Конечно, поэтика, художественная символика, форма Хлебникова нетрадиционны и своеобычны; нелегко уловить их связь с живой действительностью и борьбой людей его эпохи, хотя связь эта несомненна; но таков был мир художественного сознания Хлебникова, которого, как всякого большого художника, можно судить, по слову Пушкина, по законам, им самим над собой признанным. В рамках абстрактно-гуманистического мировосприятия Хлебников не мог сказать больше и иначе, чем сказал. Но сказанное им — искренно, художественно своеобразно и удивительно созвучно нашему времени, когда проблемы, решаемые в его триптихе, продолжают оставаться острыми и актуальными и мы все еще можем искать ответы на них в сложном мифопоэтическом мире Велимира Хлебникова.

ЗАКЛЮЧЕНИЕ

В апреле 1985 года, в связи со столетием со дня рождения Хлебникова, в Финляндии состоялся международный симпозиум (с участием советских ученых и писателей), тема которого вполне согласуется с главным направлением данной монографии: «Велимир Хлебников и культура его времени». Судя по проблематике симпозиума, рамки его были несколько шире, захватывая широкие границы темы «Хлебников и мировая культура». Одним из важнейших выводов, к которому пришли участники международного форума, был следующий тезис: „Ныне Хлебников уже не воспринимается литературоведами только как экспериментатор, реформатор стиха. Его творчество рассматривается как закономерное явление общего развития отечественной и мировой культуры”.68

Думается, явные сдвиги в отношении к творческому наследию Хлебникова вызваны не просто юбилейной “страдой”, но в первую очередь несколько запоздавшим, но жизненно необходимым осознанием той важной роли, какую играл этот большой русский художник слова в общем движении нашей и мировой литературы к значительным явлениям социально-исторического и эстетического характера.

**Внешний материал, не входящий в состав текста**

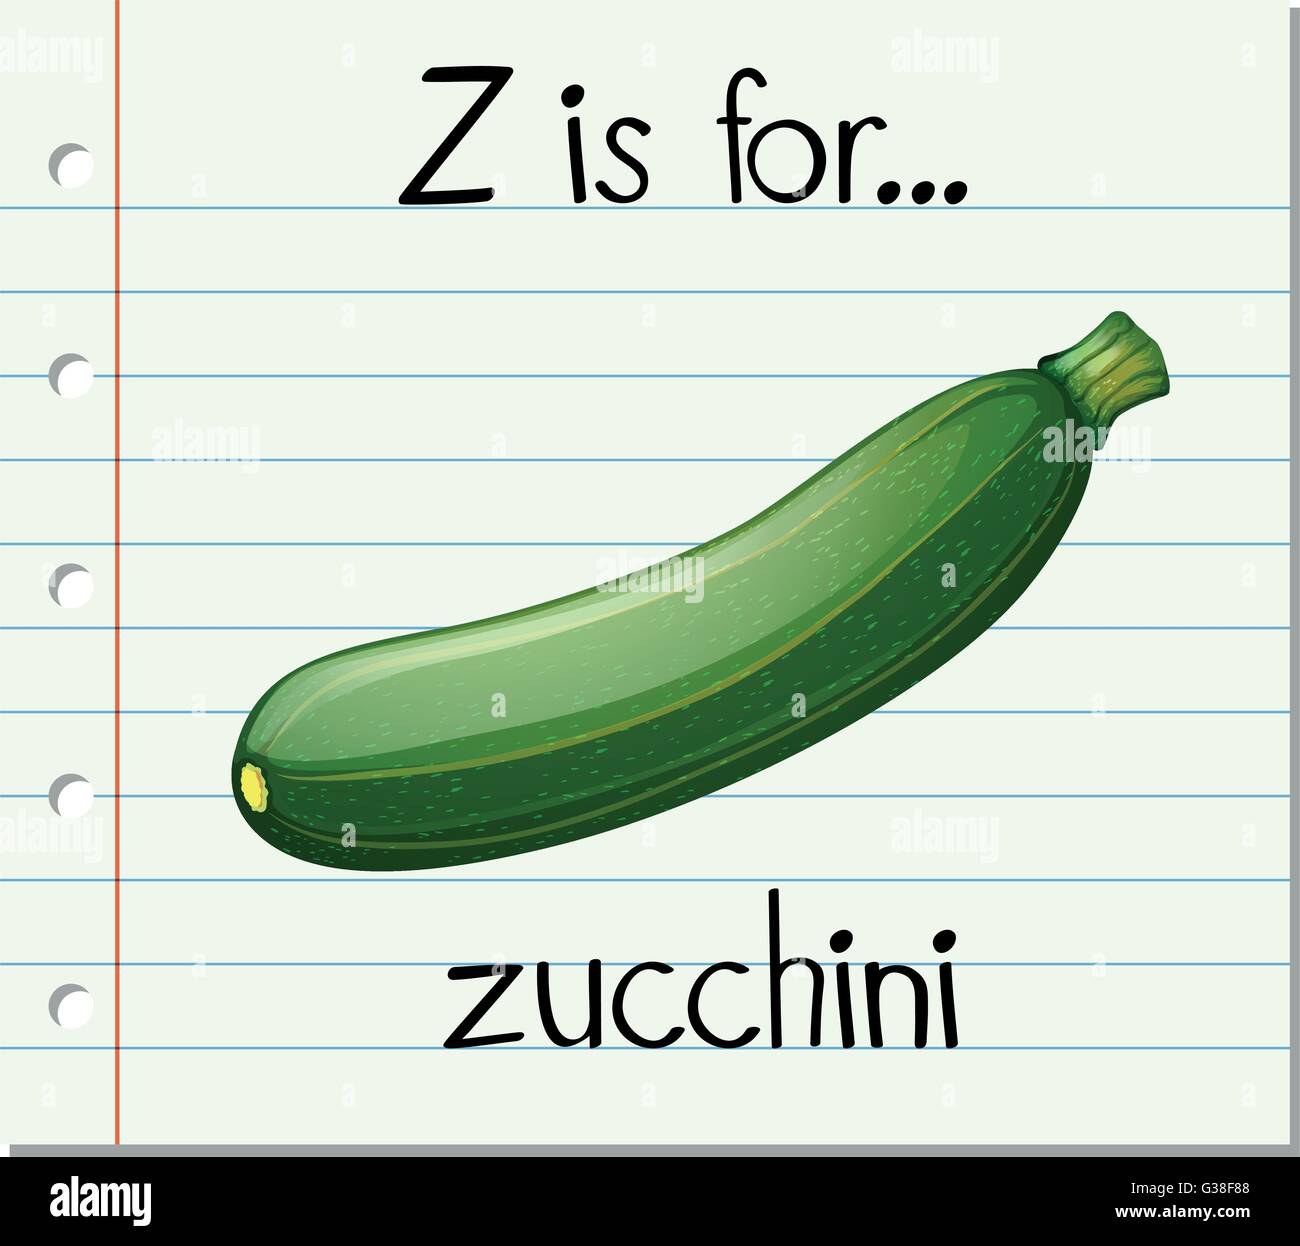 Flashcard letter Z is for zucchini illustration Stock Vector

Одним из таких явлений была постоянная (и по мере приближения революционных гроз 1917 года все более возрастающая) потребность русской литературы в глобальном осмыслении связей национального и общечеловеческого, в осознании России и русской культуры как своеобразного материкового мозга, страны „всемирной отзывчивости” и многоаспектно детерминированных пересечений Запада и Востока. Социально-эстетический опыт народов мира оплодотворяет русскую литературу начала XX века в тем большей степени, чем глубже и яснее она воспринимает мировую культуру как целостное явление — без “народов-избранников” и “культур-избранниц”.69

В силу особенностей своего происхождения, биографии, перипетий жизненного пути, специфики развития гуманистического художественного мышления, Хлебников был в значительной мере подготовлен к именно такому пониманию смысла и значения культуры как интернационального единства разных духовных ценностей человечества. В художественном сознании и творчестве Хлебникова Восток, социально-эстетический опыт его народов, как мы убедились, не только занимает важнейшее место, составляя огромную часть их “пространства” и “времени”, их проблематики и поэтики, но и во многом выступает как сила, формирующая собственный социально-эстетический опыт Хлебникова.

Односторонним было бы суждение о том, что данное явление совершалось по причинам, связывающим поэта и Восток лишь “кровно” или “биографически”. Детерминаты его кроются и в том, что, постоянно включая Восток в орбиту своих интересов, так или иначе пересекаясь с ним, Хлебников проявил удивительную способность к восприятию и творческому исследованию наиболее глубоких и масштабных процессов, избираемых им с необыкновенным художественным чутьем в огромном потоке восточной истории и современности, мифологии и классической поэзии, их проблематики и символики. Эстетическое мышление поэта двигалось и развивалось в соответствии с общими закономерностями духовно-художественного процесса эпохи; но вместе с тем оно раскрывалось и формировалось и в том своеобразном направлении, которое у Хлебникова, пожалуй, в большей чем у других его современников степени было связано с его осмыслением восточного мира, детерминировавшим развитие западно-восточной концепции Хлебникова, глубоко созвучной демократическим и гуманистическим тенденциям века.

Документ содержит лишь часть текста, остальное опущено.